Grand Slam singles results
- Australian Open: QF (1949)

Doubles

Grand Slam doubles results
- Australian Open: QF (1946, 1948, 1949, 1952)

Mixed doubles

Grand Slam mixed doubles results
- Australian Open: F (1952)

= Tom Warhurst Sr. =

Australian tennis player

Hubert Thomas Warhurst (10 February 1917 – 23 January 2004) was an Australian tennis player who competed in six Australian Championships. He also played Australian rules football with Norwood in the South Australian National Football League (SANFL). He is the father of John Warhurst and Tom Warhurst, Jr.

==Career==
Warhurst started his career at Norwood in 1935, having completed his education at Xavier College in Melbourne where he held the Victorian Public School's high jump record for two years. A key position player, he was usually played as a defender but could be seen in the forward line.

In 1938, Warhurst made his first appearance in the Australian Championships and entered in the singles, doubles and mixed doubles but failed to win a match.

He shared the Norwood captaincy in 1939 and 1940, when he was at his peak as a player.

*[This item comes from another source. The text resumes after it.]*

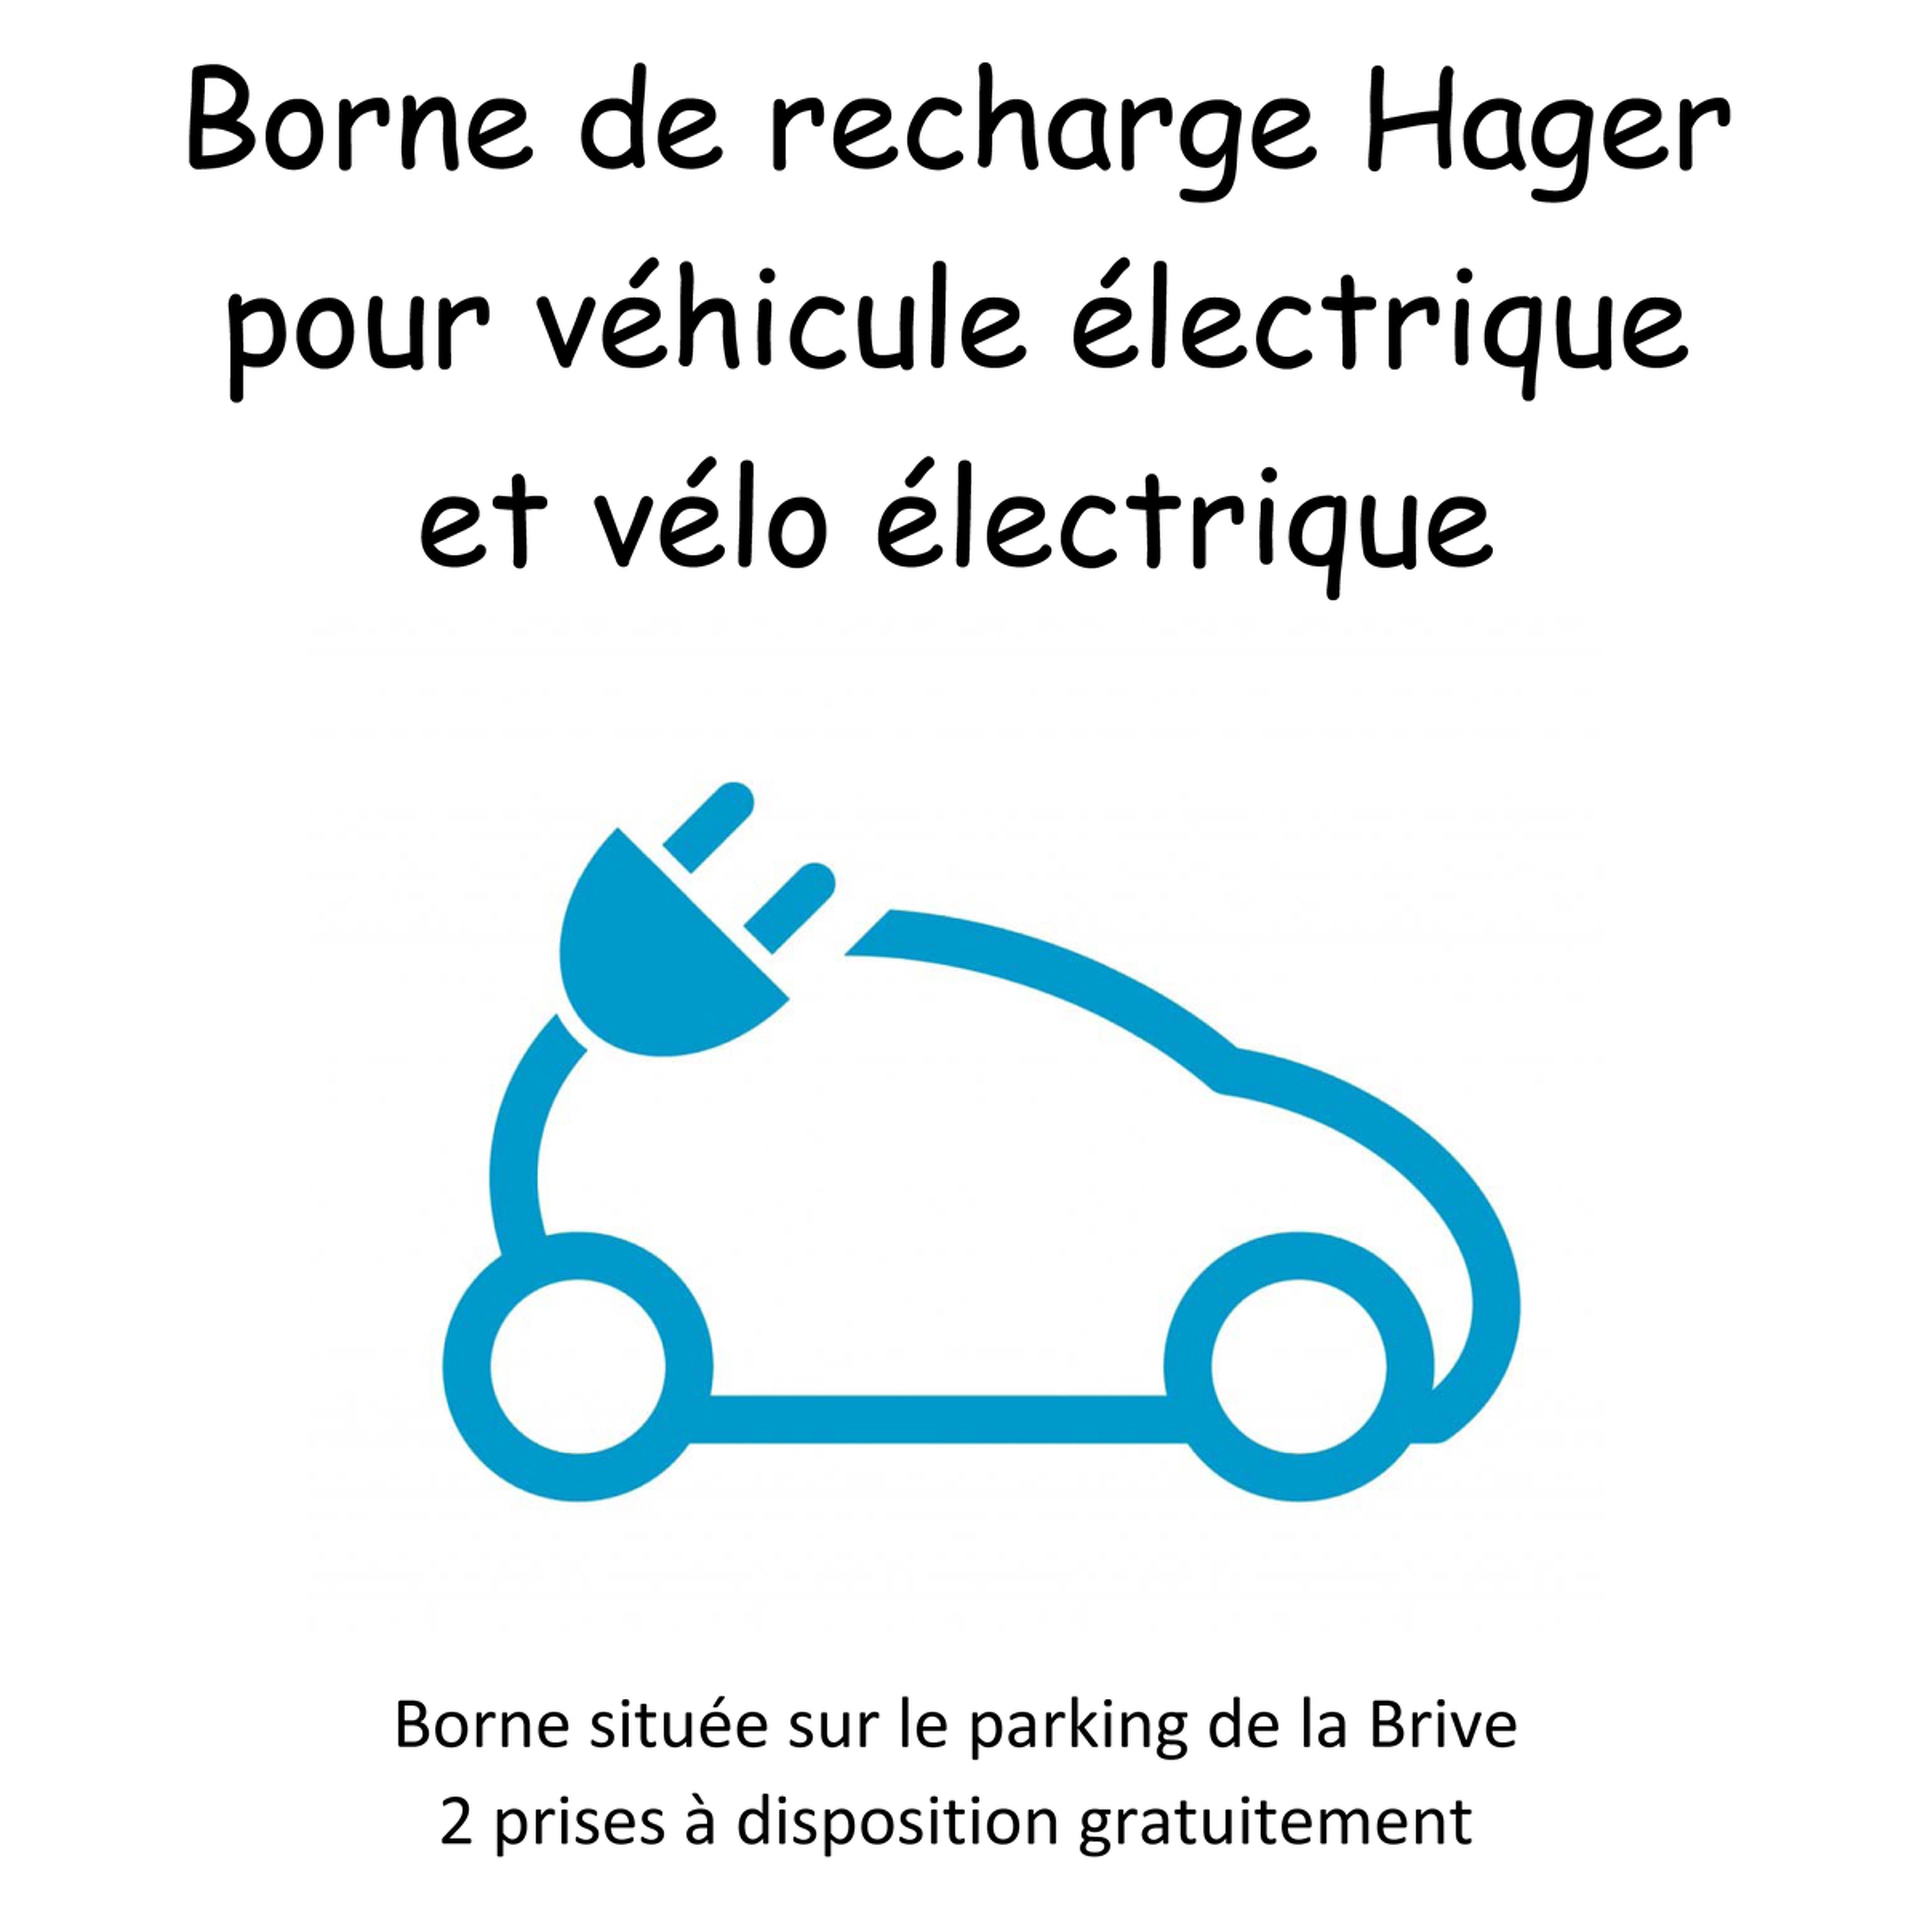 Borne de recharge véhicules électriques

He won his club's best and fairest award in 1939 and also fell one vote short of winning the Magarey Medal. Warhurst, a three-time South Australian interstate football representative, then lost some of his best sporting years to the war.

From 1940 to 1945, Warhurst served with the 27/7th Field Regiment of the Australian Army, in the Middle East, North Africa and Dutch East Indies. A sergeant, towards the end of the war he took part in the Battle of Tarakan.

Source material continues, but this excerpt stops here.